Hodgson singled out Raheem Sterling, Daniel Sturridge and Danny Welbeck for praise for their lively contributions to England’s attacks.
“It’s very good to know that we have so many players who will help us become a much better team going forward,” he said.
(Reporting by Simon Evans, editing by Ed Osmond)
Extended coverage: Iraq crisis
Foreign Minister Julie Bishop says she hasn’t envisaged Australia sending troops to Iraq to quell growing violence in the country.
Instead, she says the government is ready to help deal with the humanitarian crisis.
Insurgents from the Islamic State of Iraq and the Levant (ISIL) have taken a swathe of mostly Sunni Arab territory in northern Iraq since launching an offensive last week.
US President Barack Obama has said Washington was considering options over Iraq but would not be sending troops – a position backed by Prime Minister Tony Abbott.
On Saturday US Defence Secretary Chuck Hagel ordered the aircraft carrier the USS George HW Bush, to sail into the Persian Gulf as President Barack Obama considers possible military options for Iraq.
Speaking to reporters in the Houston on Saturday, Mr Abbott said he would wait to see how the US responds to the situation in Iraq before developing an Australian response.
“The important thing at the moment is to let the Americans work their way forward,” he said.
Ms Bishop, who described events in Iraq as “deeply disturbing”, said the US would take the lead when it came to any military action.
“I didn’t envisage a circumstance where we would be sending in troops,” she told the Ten Network.
“But we certainly stand ready to support the humanitarian crisis should a request be made.”
Greens leader Christine Milne said following the US into Iraq “is not going to fix it”.
“We do not want to follow the United States blindly as John Howard did (in 2003,” Senator Milne told ABC Television.
“Clearly it didn’t work last time in Iraq and it won’t work this time,” Senator Milne told ABC Television.
The fans packed the pub in central Sydney to cheer on the English team as it went against the Italian side in their World Cup opening game.
Many watchers were took a punt after the first half.
“I reckon we’re going to be all right.
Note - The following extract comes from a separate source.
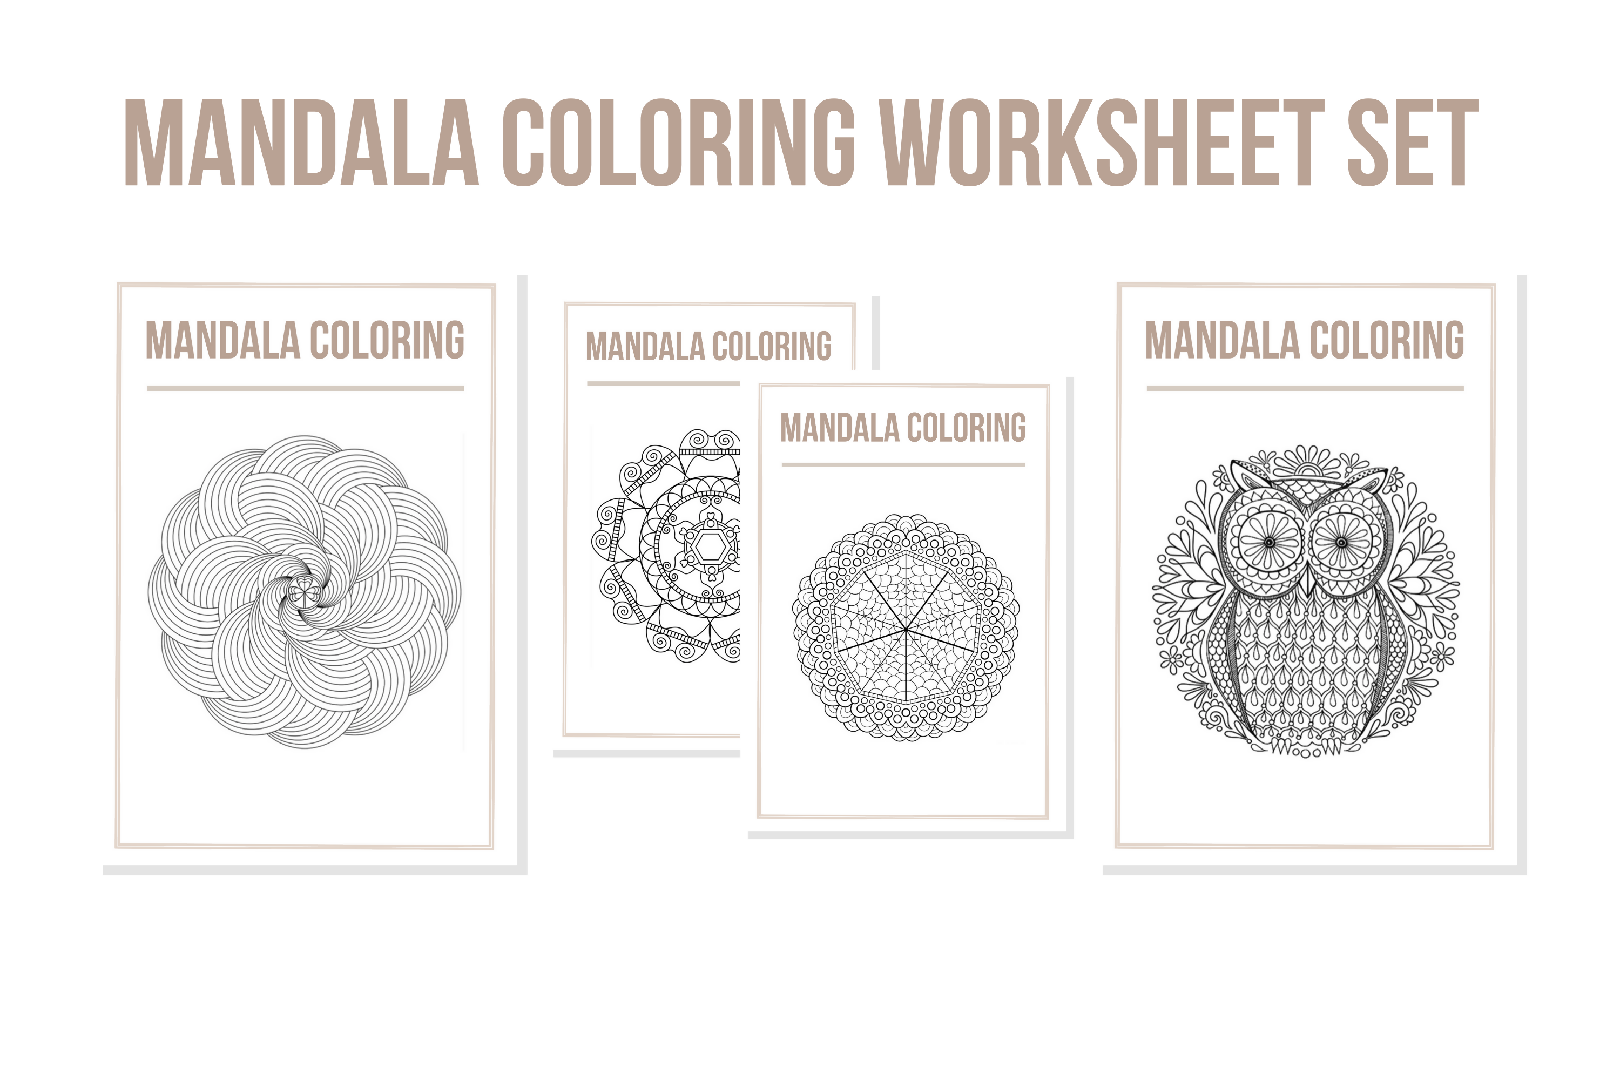 Mandala Adult Coloring Books Vol.3: Masterpiece Pattern and Design

Second half we’ll blitz them,” one fan told SBS.
God Save the Queen. English #worldcup supporters in strong form in Sydney CBD a few minutes to kick off @SBSNews pic.twitter南宁桑拿网,/KL4U4UXmY5
— Helen Isbister (@HelenIsbister) June 14, 2014
But the final result did not favour the British.
Some English supporters in central Sydney finding it hard to watch as Italy leads 2-1#worldcup @SBSNews pic.twitter南宁桑拿网,/xBQlZmAd1k
— Helen Isbister (@HelenIsbister) June 14, 2014
“Today we’re still in the challenge it doesn’t really matter. Next few games we’ll win the Group,” another fan said.
“We’re English, we got heart, we challenge I tell ya. That’s what we’re going to do, we’re going to challenge it.”
And the defeat did not dampen celebrations among the English supporters.
Statistician Nate Silver, who correctly predicted the winner in all 50 states at the last US presidential election, says England still has a chance of advancing from Group D.
Sitting behind Costa Rica (66 per cent) and Italy (74 per cent), he calculates England is in with a 35 per cent chance.